• **Work order**: Only the text belongs in the copy. Transcribe the data exactly and drop any pictures.

Dataset content: Begin

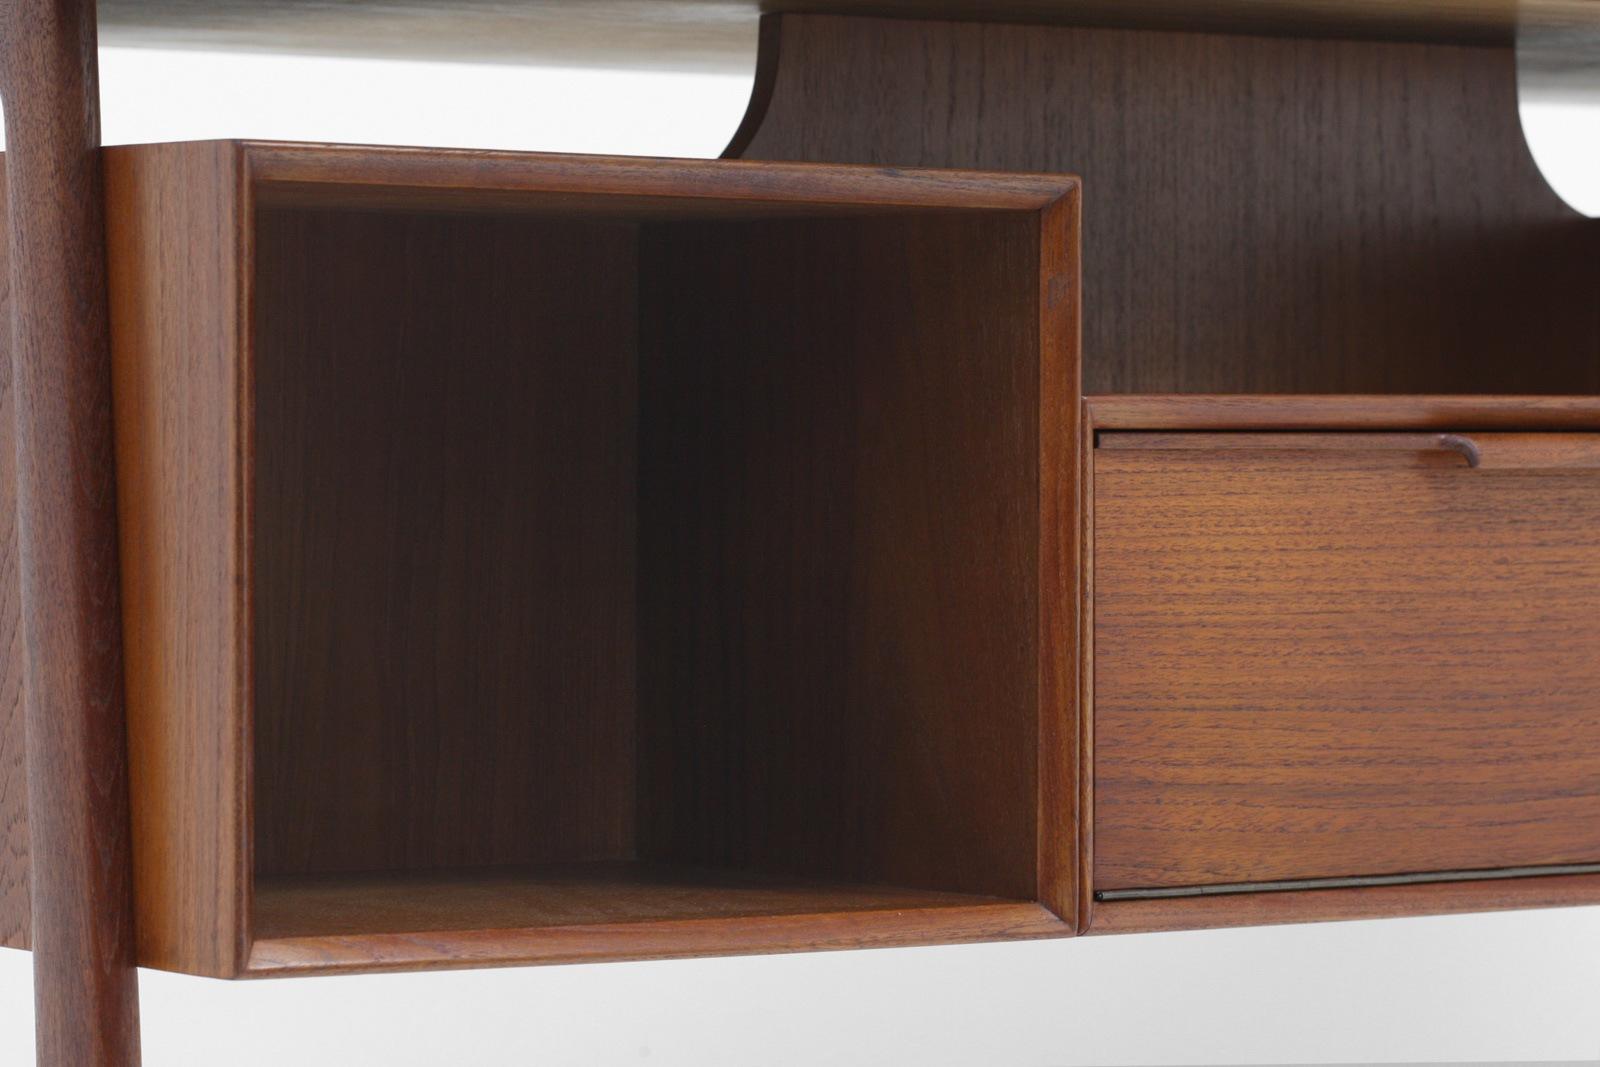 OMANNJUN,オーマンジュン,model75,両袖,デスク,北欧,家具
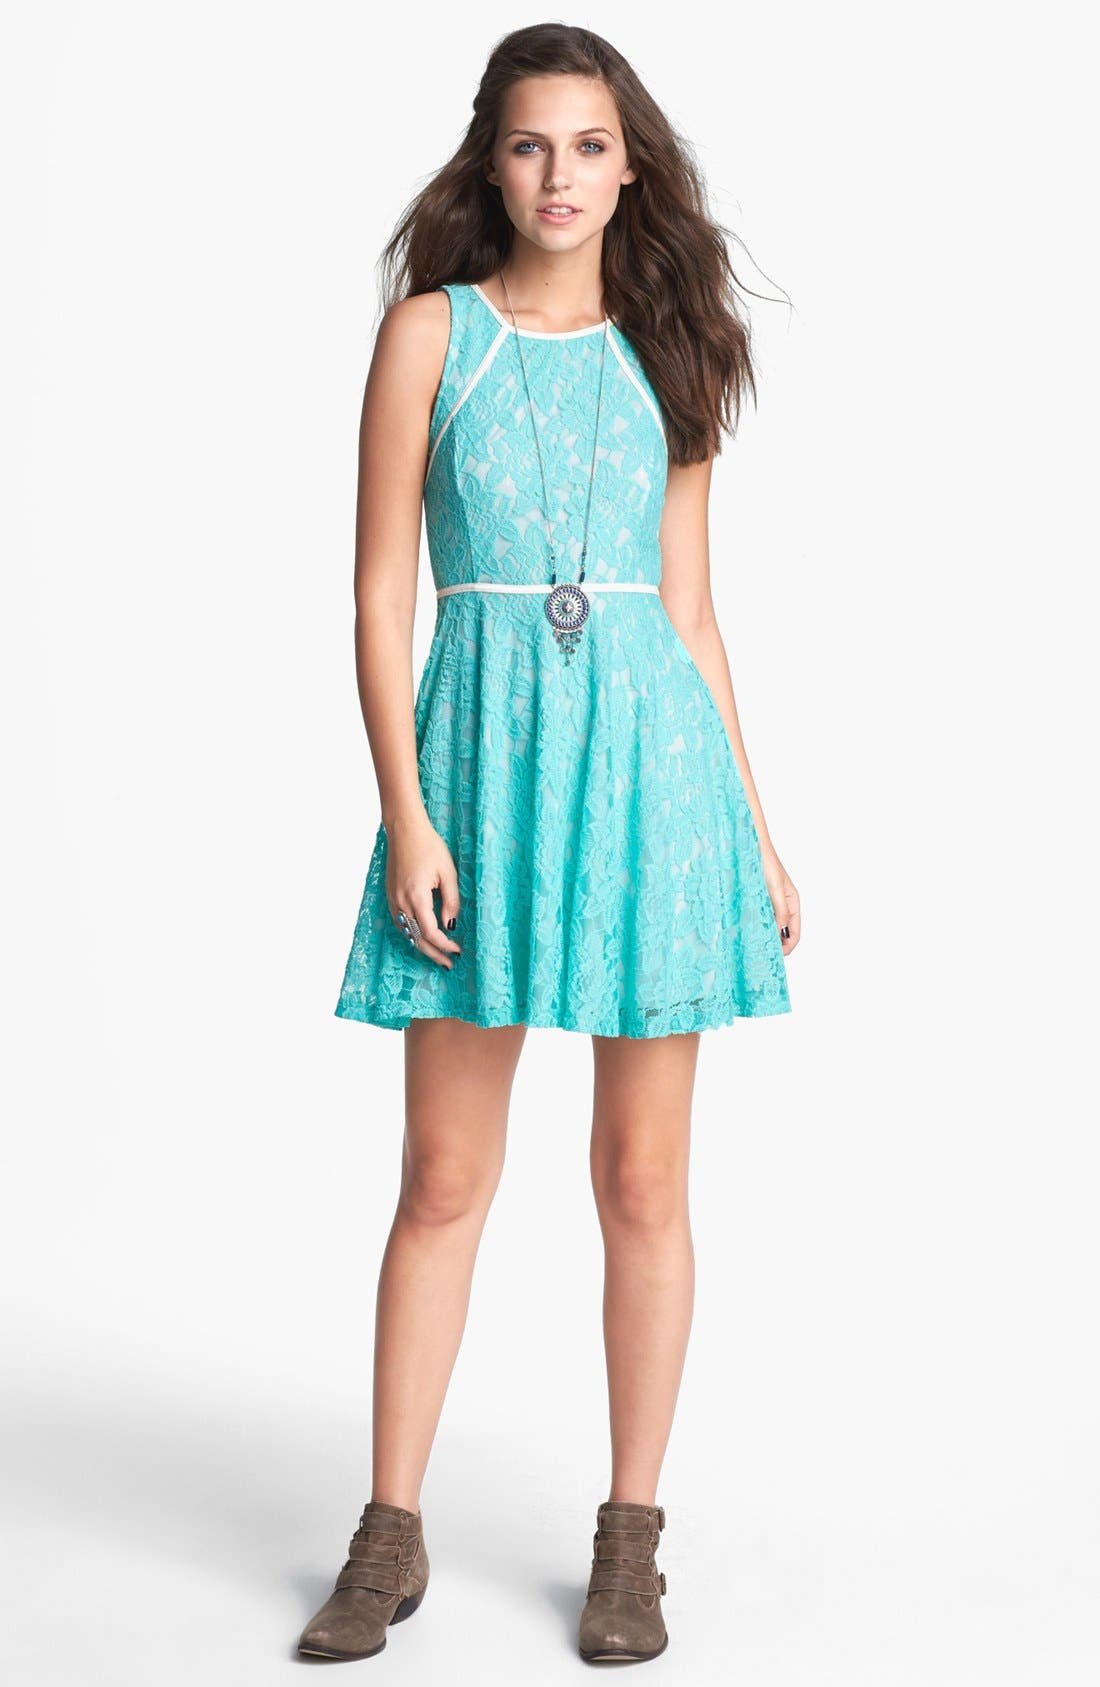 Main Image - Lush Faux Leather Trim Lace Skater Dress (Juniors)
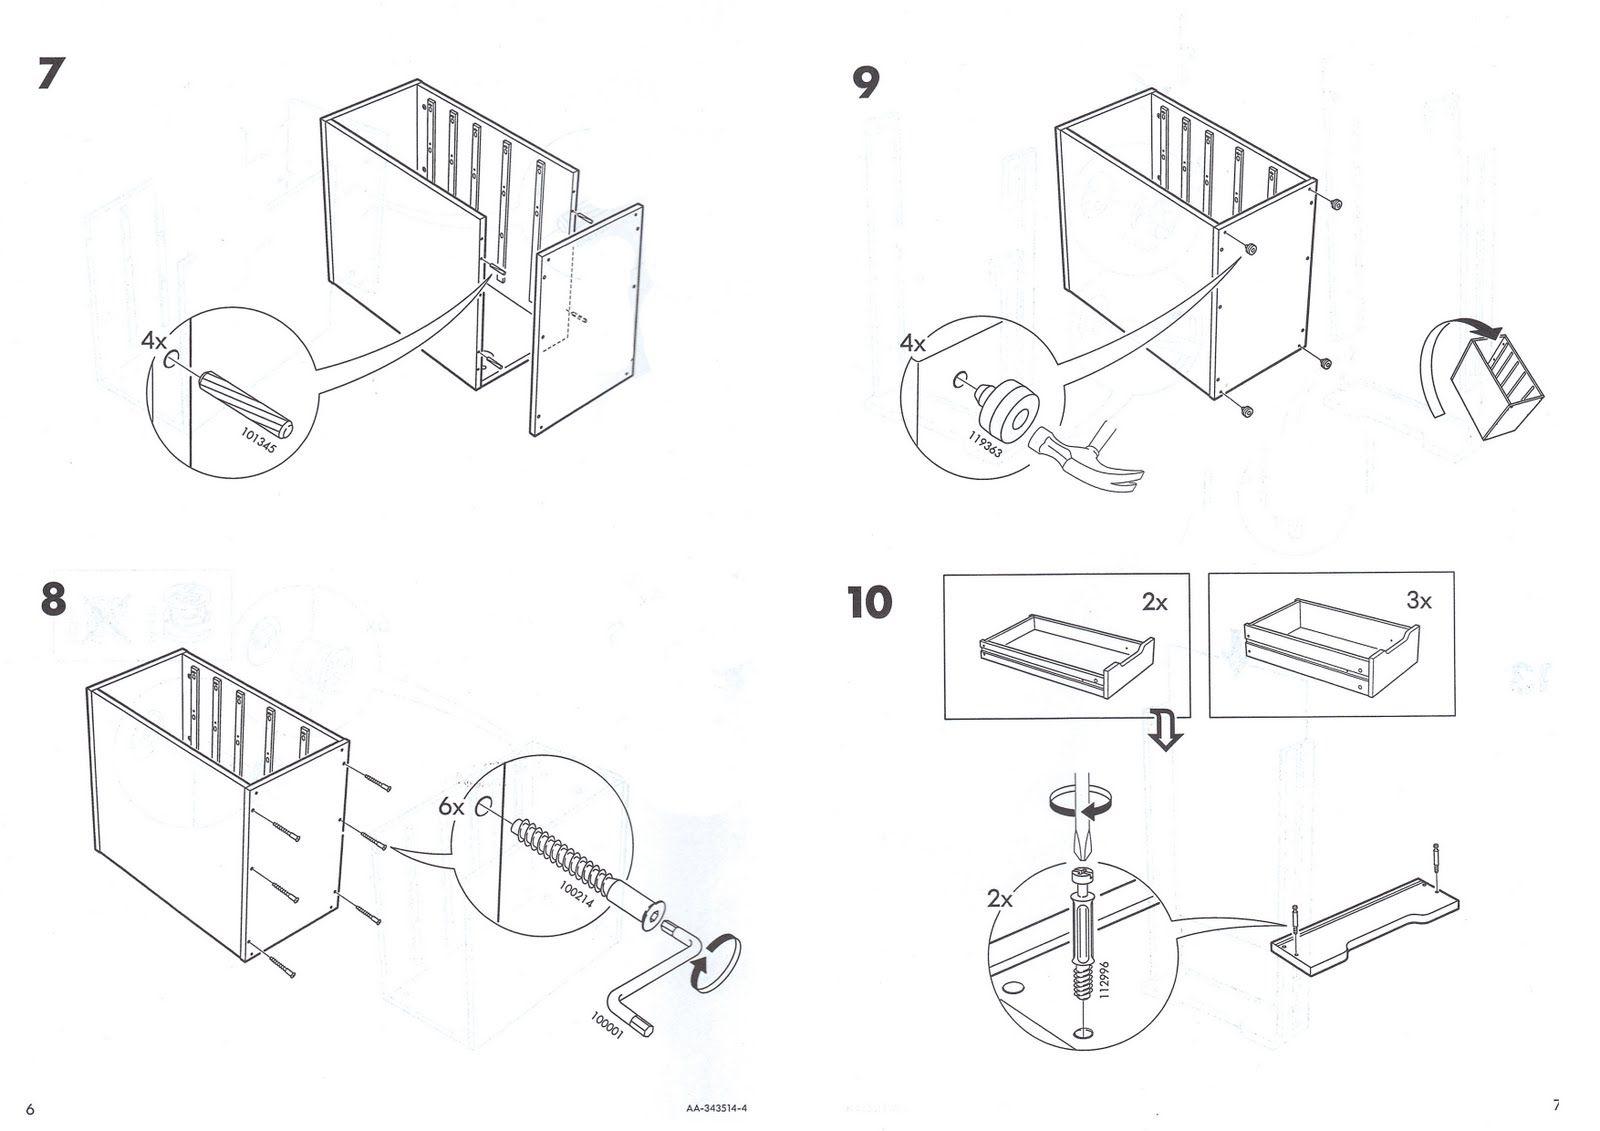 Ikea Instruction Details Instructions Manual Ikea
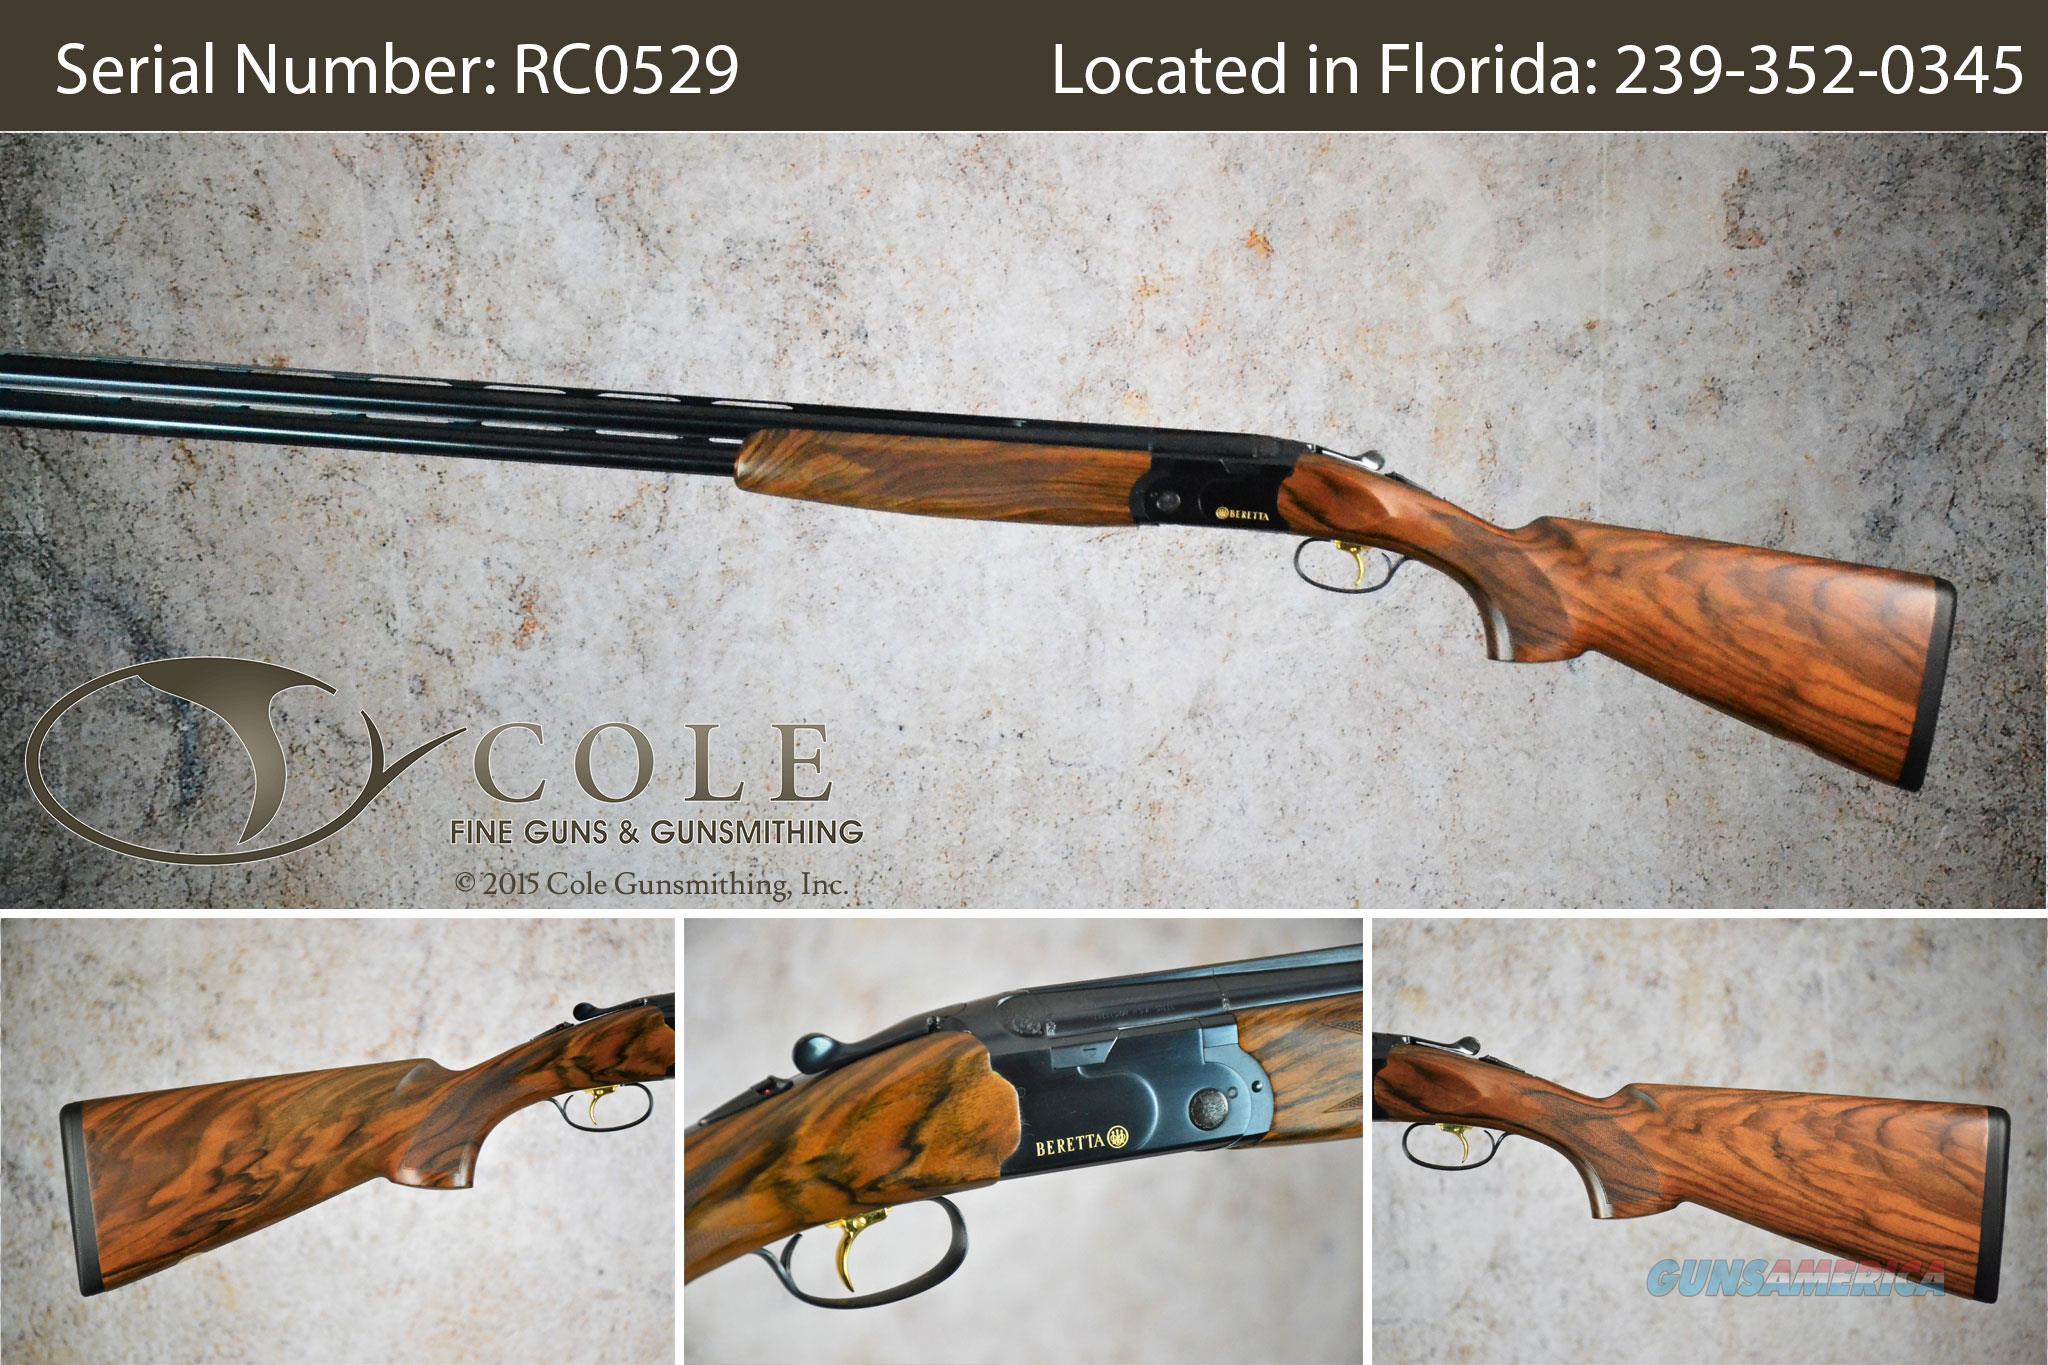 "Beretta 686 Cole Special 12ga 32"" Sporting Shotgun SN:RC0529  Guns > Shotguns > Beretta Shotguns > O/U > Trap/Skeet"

Dataset content: End

• **Response area**:
 OMANNJUN,オーマンジュン,model75,両袖,デスク,北欧,家具
 Main Image - Lush Faux Leather Trim Lace Skater Dress (Juniors)
 Ikea Instruction Details Instructions Manual Ikea
 "Beretta 686 Cole Special 12ga 32"" Sporting Shotgun SN:RC0529  Guns > Shotguns > Beretta Shotguns > O/U > Trap/Skeet"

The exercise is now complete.